Data entries:
'''

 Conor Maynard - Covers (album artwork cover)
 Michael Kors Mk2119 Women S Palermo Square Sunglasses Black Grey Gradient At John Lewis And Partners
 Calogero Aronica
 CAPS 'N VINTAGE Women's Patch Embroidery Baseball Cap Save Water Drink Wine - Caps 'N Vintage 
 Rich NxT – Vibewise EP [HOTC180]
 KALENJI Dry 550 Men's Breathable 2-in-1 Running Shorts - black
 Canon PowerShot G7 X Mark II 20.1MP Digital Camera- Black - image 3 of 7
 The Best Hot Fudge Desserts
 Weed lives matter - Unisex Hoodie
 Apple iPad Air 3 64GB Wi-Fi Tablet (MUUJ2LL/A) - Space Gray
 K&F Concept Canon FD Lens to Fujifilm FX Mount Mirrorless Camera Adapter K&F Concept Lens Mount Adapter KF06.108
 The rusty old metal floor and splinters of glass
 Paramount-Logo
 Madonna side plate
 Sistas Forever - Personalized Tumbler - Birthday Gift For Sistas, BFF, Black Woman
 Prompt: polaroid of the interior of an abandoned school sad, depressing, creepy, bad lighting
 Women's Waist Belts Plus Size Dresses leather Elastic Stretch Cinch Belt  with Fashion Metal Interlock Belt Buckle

'''

_Work to be completed_: Copy the records above exactly, beginning at the line that contains "Weed lives matter - Unisex Hoodie" and stopping after the line that contains "Madonna side plate".

_Problem solution_:
 Weed lives matter - Unisex Hoodie
 Apple iPad Air 3 64GB Wi-Fi Tablet (MUUJ2LL/A) - Space Gray
 K&F Concept Canon FD Lens to Fujifilm FX Mount Mirrorless Camera Adapter K&F Concept Lens Mount Adapter KF06.108
 The rusty old metal floor and splinters of glass
 Paramount-Logo
 Madonna side plate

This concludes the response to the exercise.